(Beginning of Records for this exercise)

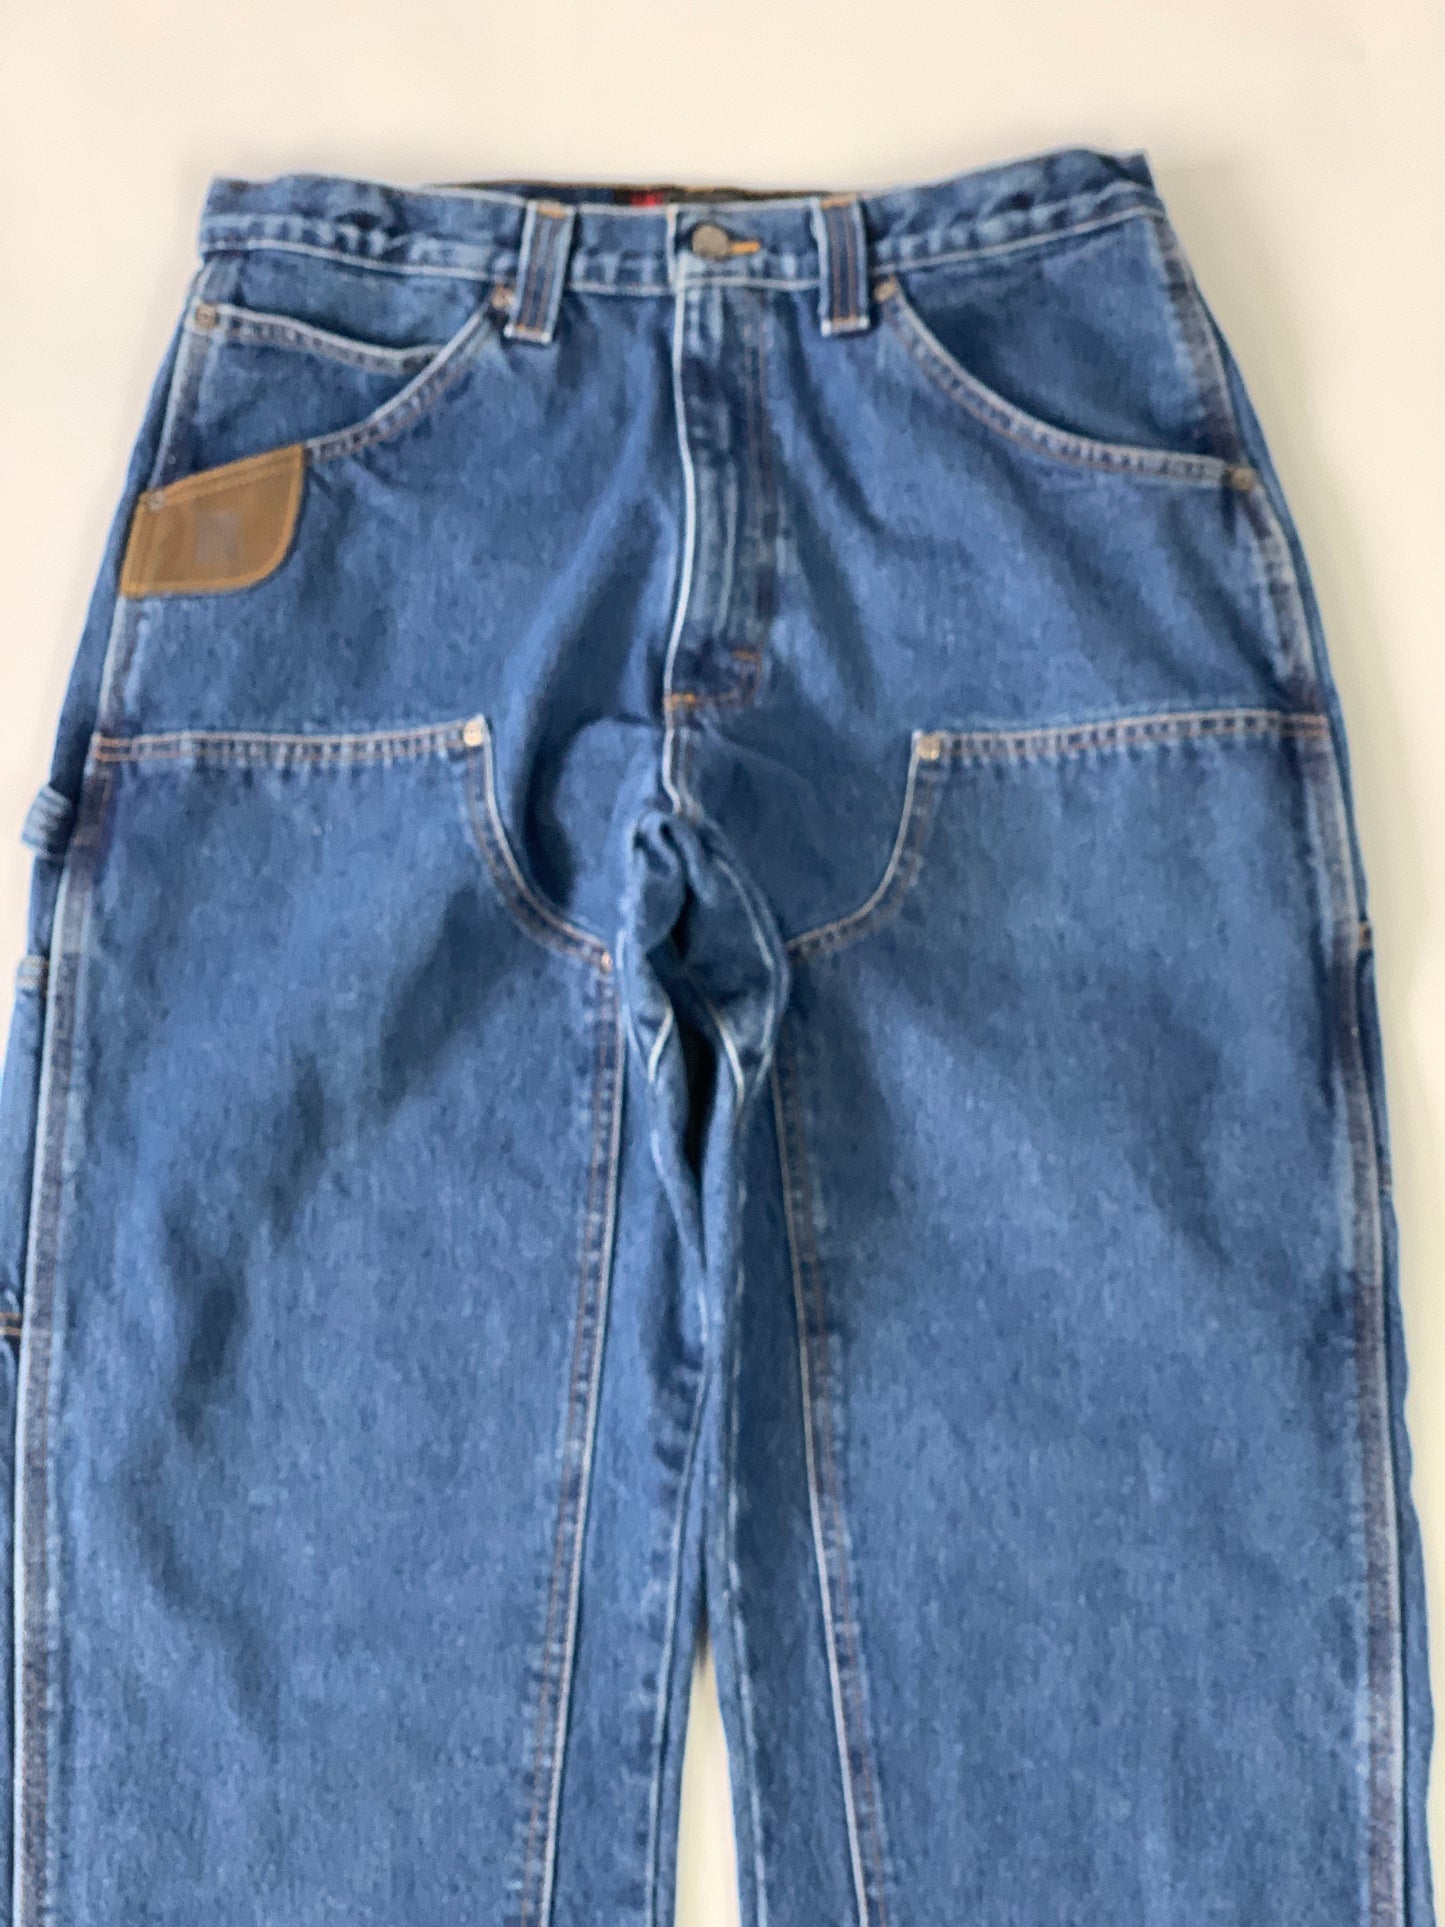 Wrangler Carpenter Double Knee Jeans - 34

(End of Records for this exercise)
(Beginning of Records for this exercise)

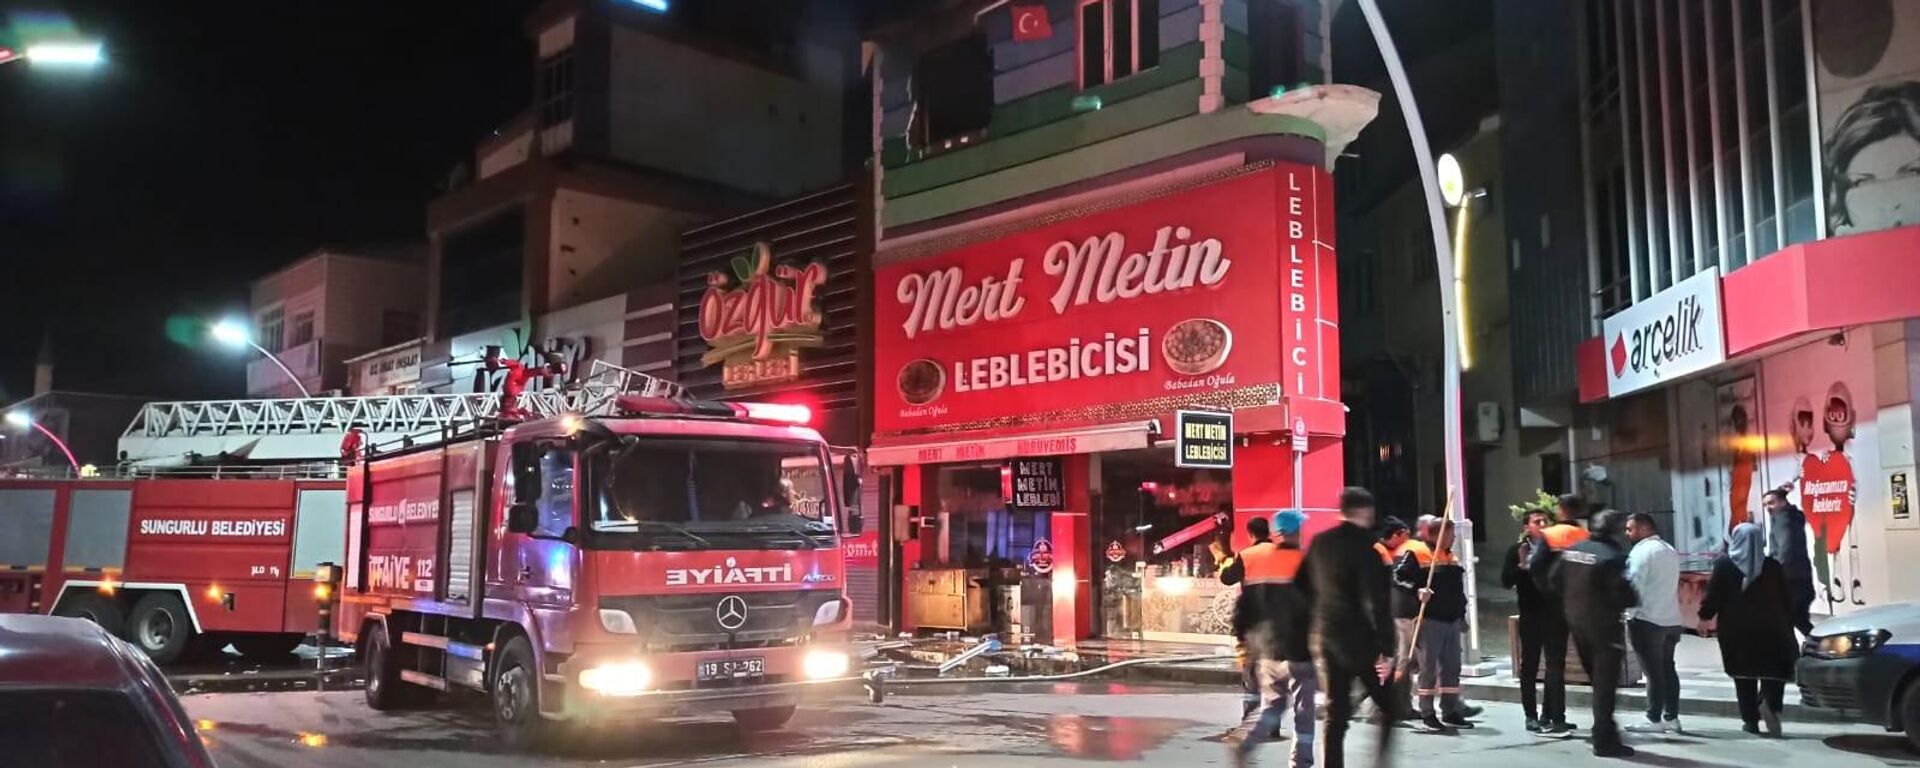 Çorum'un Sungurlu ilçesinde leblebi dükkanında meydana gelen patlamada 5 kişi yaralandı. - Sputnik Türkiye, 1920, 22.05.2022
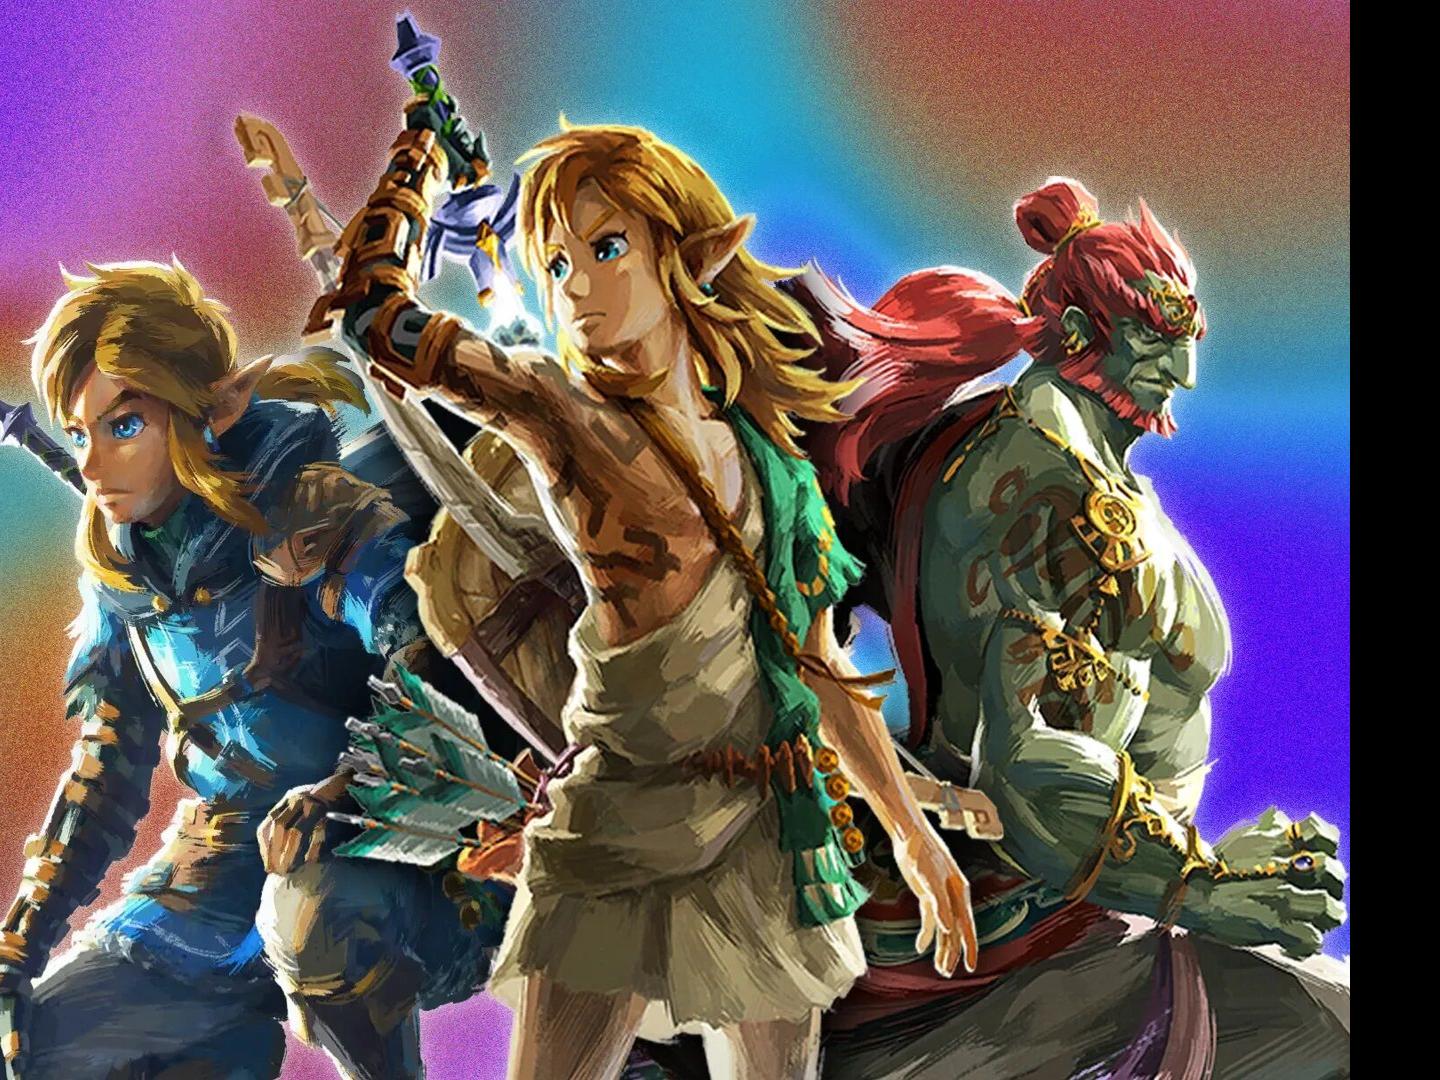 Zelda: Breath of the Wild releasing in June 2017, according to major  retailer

(End of Records for this exercise)

_Exercise prompt_
In the listing above, find the line containing "Çorum'un Sungurlu ilçesinde". Output it and every line after it up to and including the line containing "Zelda: Breath of", exactly, but skip the pictures.

_Solution for this exercise_
 Çorum'un Sungurlu ilçesinde leblebi dükkanında meydana gelen patlamada 5 kişi yaralandı. - Sputnik Türkiye, 1920, 22.05.2022
 Zelda: Breath of the Wild releasing in June 2017, according to major  retailer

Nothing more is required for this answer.